Another sort of these writers have just given us their long journals, tedious accounts of their log-work, how many leagues they sailed every day; where they had the winds, when it blew hard, and when softly; what latitude in every observation, what meridian distance, and what variation of the compass. Such is the account of Sir John Narborough's Voyage to the South Seas, adorned with I know not how many charts of the famous Strait of Magellan, a place only now famous for showing the ignorance of Sir John Narborough, and a great many wise gentlemen before him, and for being a passage they had no need to have troubled themselves with, and which nobody will ever go through anymore.

Such also are the Voyages of Captain John Wood, to Nova Zemla, at the charge of the public, in King Charles the Second's time, and Martin Frobisher to the North-West Passages, in Queen Elizabeth's time; all which, are indeed full of their own journals, and the incidents of sailing, but have little or nothing of story in them, for the use of such readers who never intend to go to sea, and yet such readers may desire to hear how it has fared with those that have, and how affairs stand in those remote parts of the world.

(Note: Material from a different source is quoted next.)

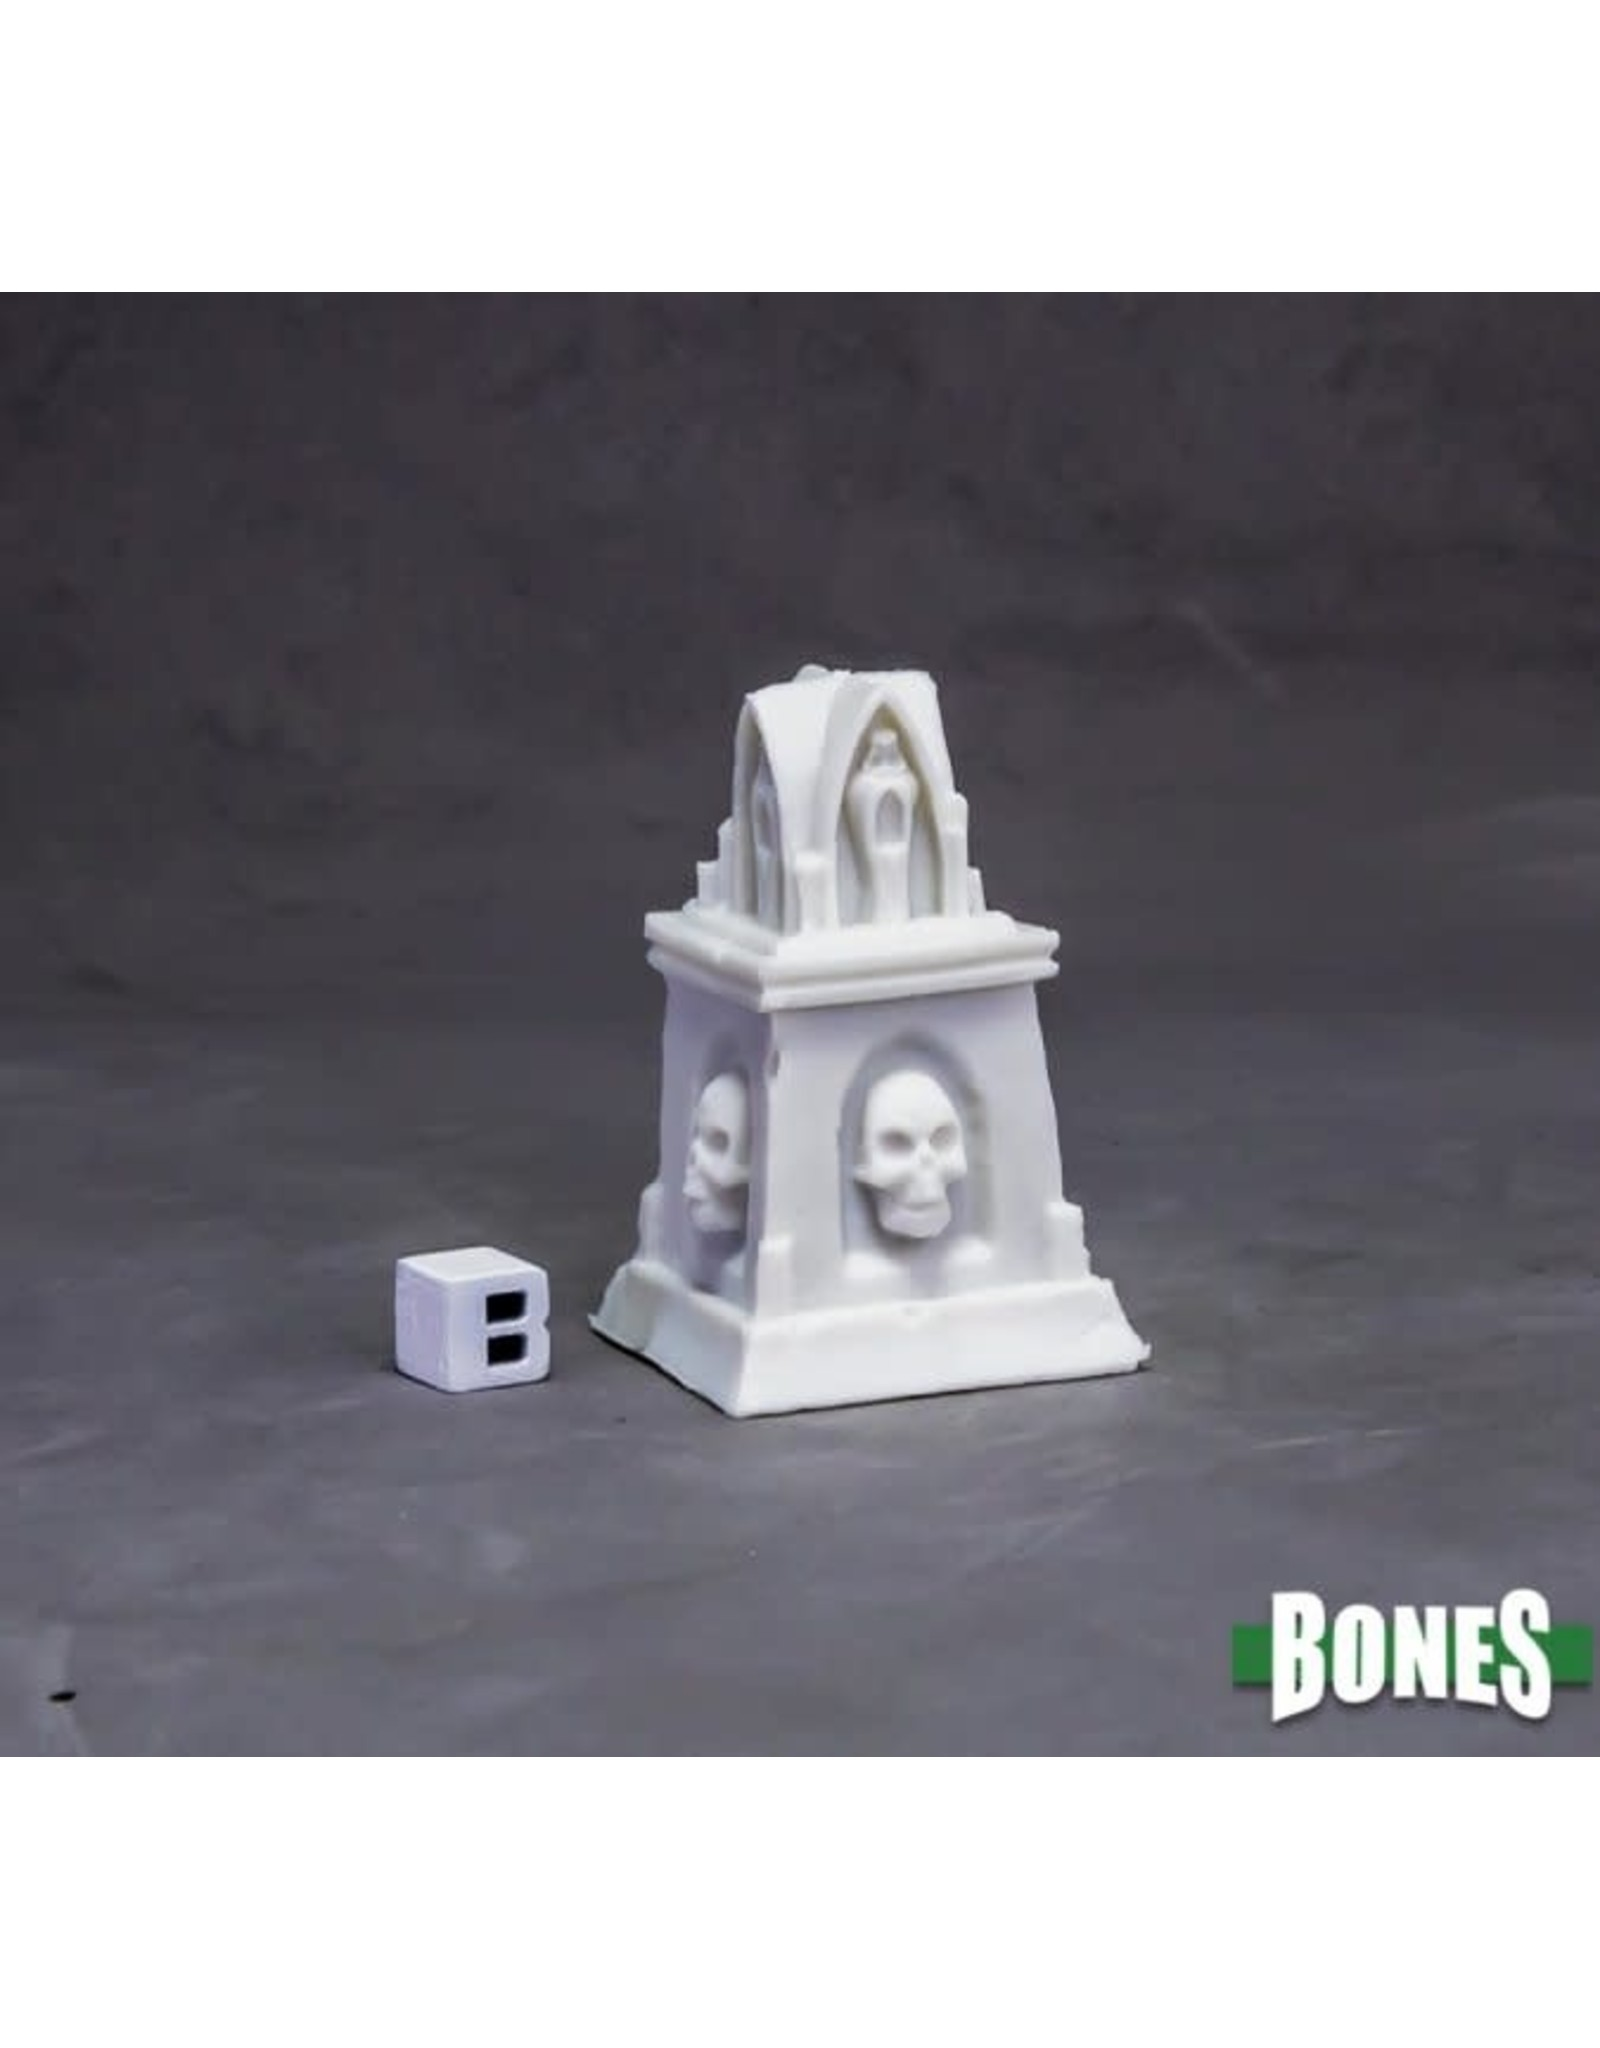 Reaper Miniatures Bones Graveyard Shrine

For these reasons, when first I set out upon a cruising and trading voyage to the East, and resolved to go anywhere, and everywhere that the advantage of trade or the hopes of purchase should guide us, I also resolved to take such exact notice of everything that past within my reach, that I would be able, if I lived to come home, to give an account of my voyage, differing from all that I had ever seen before, in the nature of the observations, as well as the manner of relating them. And as this is perfectly new in its form, so I cannot doubt but it will be agreeable in the particulars, seeing either no voyage ever made before, had such variety of incidents happening in it, so useful and so diverting, or no person that sailed on those voyages, has thought fit to publish them after this manner.